Though society gave his family the cold shoulder, Jesus didn’t do likewise. Knowing people’s hearts better than they did, he wouldn’t take no for an answer. In the tireless resolve of Johanna Van Gogh and her son to share the brilliance of Vincent’s paintings, a great generosity was also at work. Johanna was the widowed mother of an infant when she began her quest in the face of sometimes explicit disdain from contemporaries. But the love she drew from her small family powered straight past comparatively feeble forces like death and popular opinion. She proved Vincent right: in love “lies true strength, and [she] who loves much does much and is capable of much.”

***

Though aspects of his life have become legend, Vincent Van Gogh’s Christian faith and outlook seem underemphasized within the mythology. His time as a preacher was foundational to his subject matter, the art historian and Van Gogh expert Sjraar van Heugten told the New York Times in 2015. When he shifted from ministry to creativity, Van Gogh retained a spirit of service: “It’s clear that from the very beginning his paintings and his work is meant to bring consolation to people, to give them moments of emotion and rest.” It’s his keen sensitivity to both beauty and misery that give his paintings their charge. “If we let ourselves be taught by the experience of life and led by godly sorrow, then new vitality may spring from the tired heart,” he wrote to Theo in 1877. Though he was not yet officially an artist, these words presaged the spring blooms he would paint for his godson 13 years later.

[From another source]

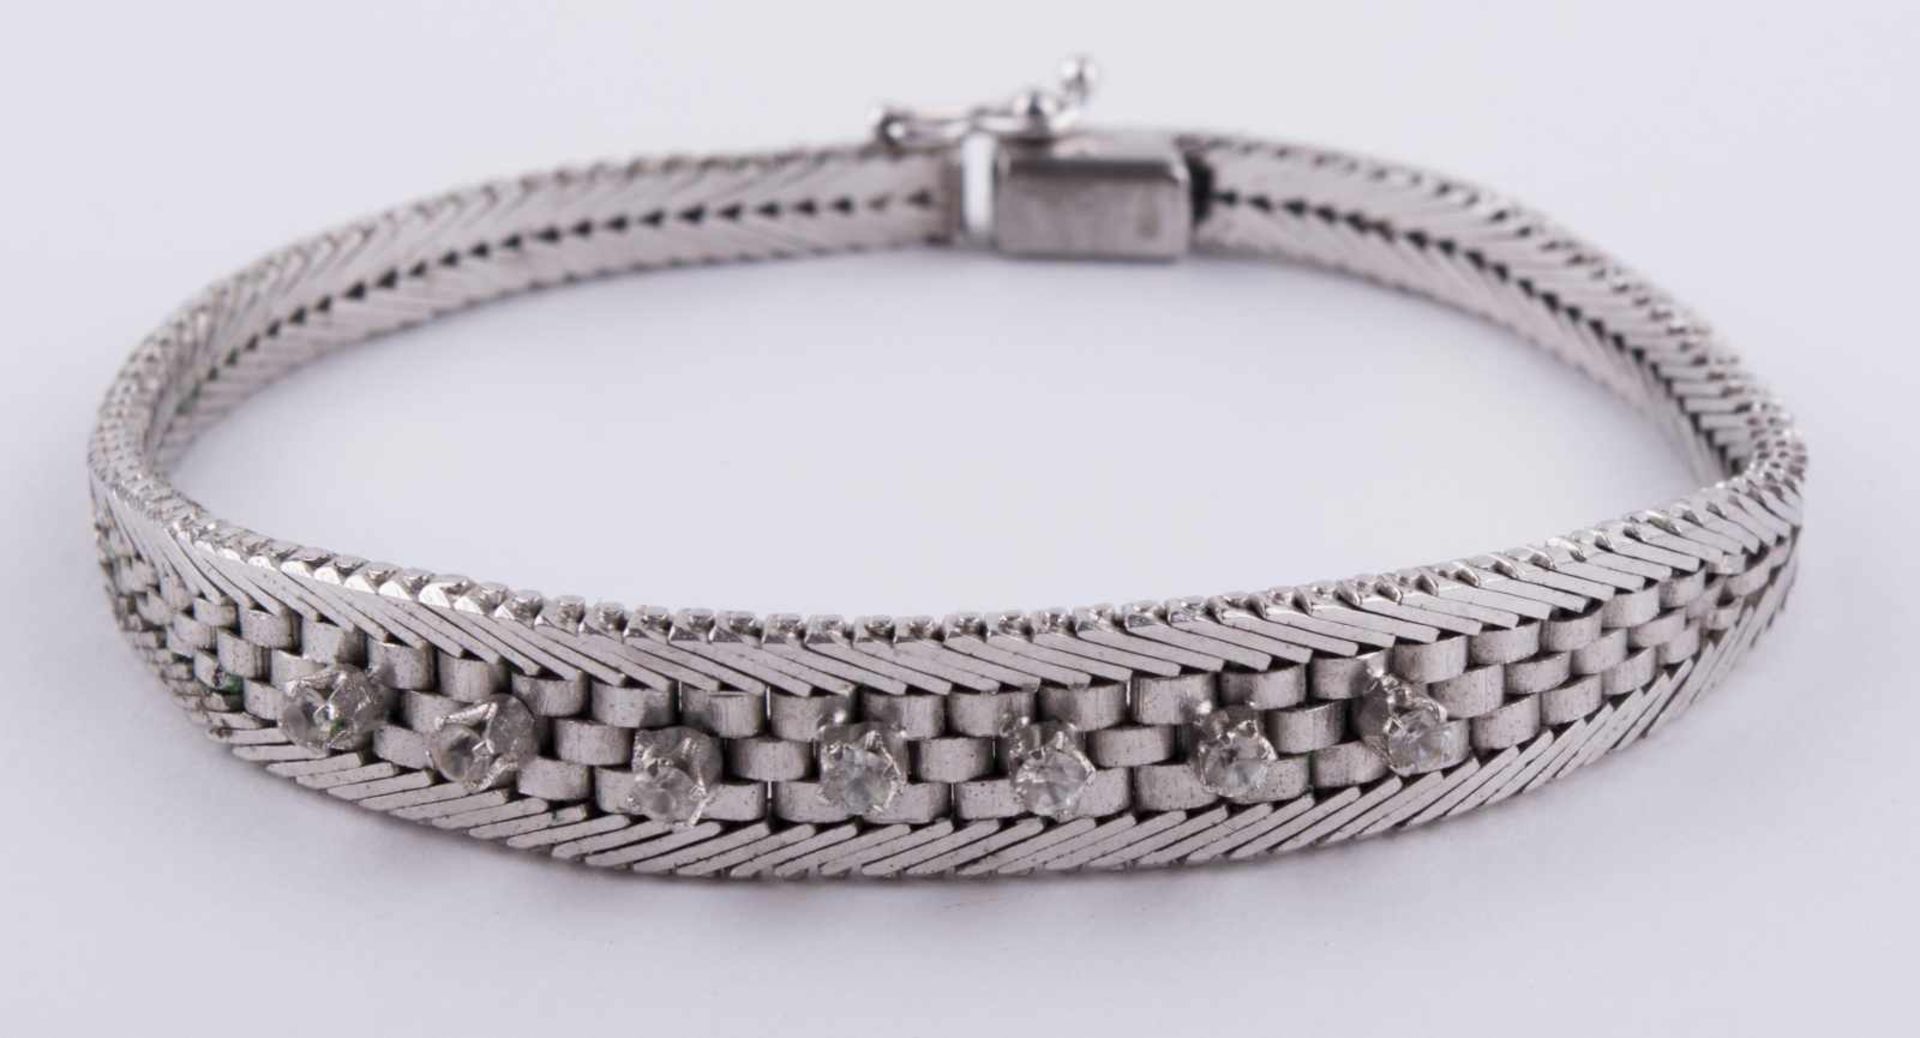 Brillant Silberarmband / Brilliant silver necklace Silber 835/000, mit 7 kleinen Brillanten, L:
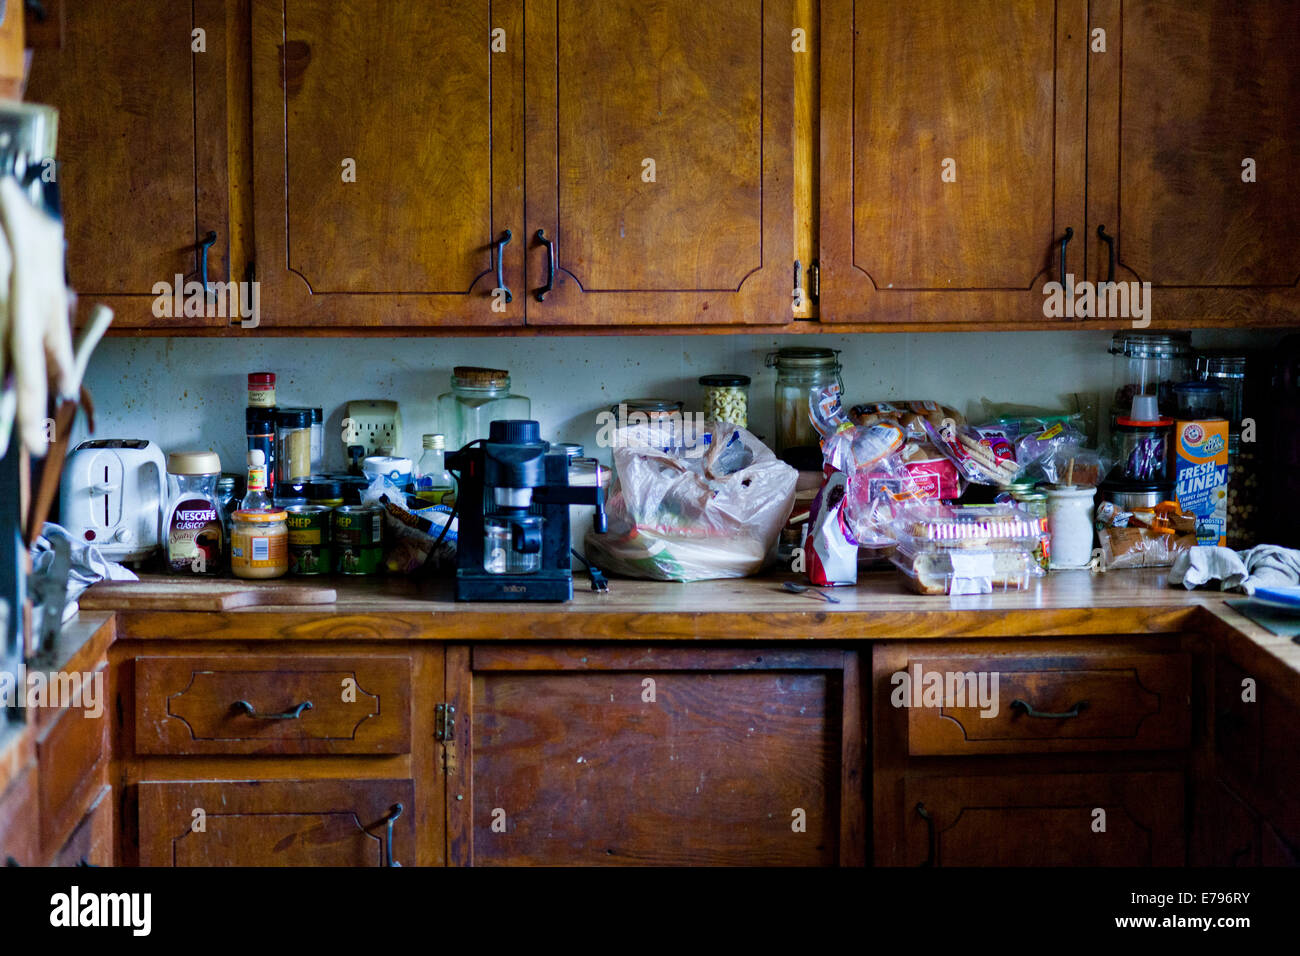 Untidy kitchen Stock Photo

My heart would happily imagine that a never-ending trip to an art gallery is the worst my kids will suffer. But I know very well that no one gets off that easy, and in fact, no one would want to. An experience of suffering—at the very least, an experience of real pain through empathy—allows us to form bonds, to be of use, to make meaning.

What my soul hopes, then, is for my children to be bolstered, comforted and strengthened throughout life by the bonds they are building in our home. If they start their own families, I hope those families will also be loving. And I hope that, fortified, they will turn outward, helping new vitality spring from tired hearts, even to the ends of the Earth.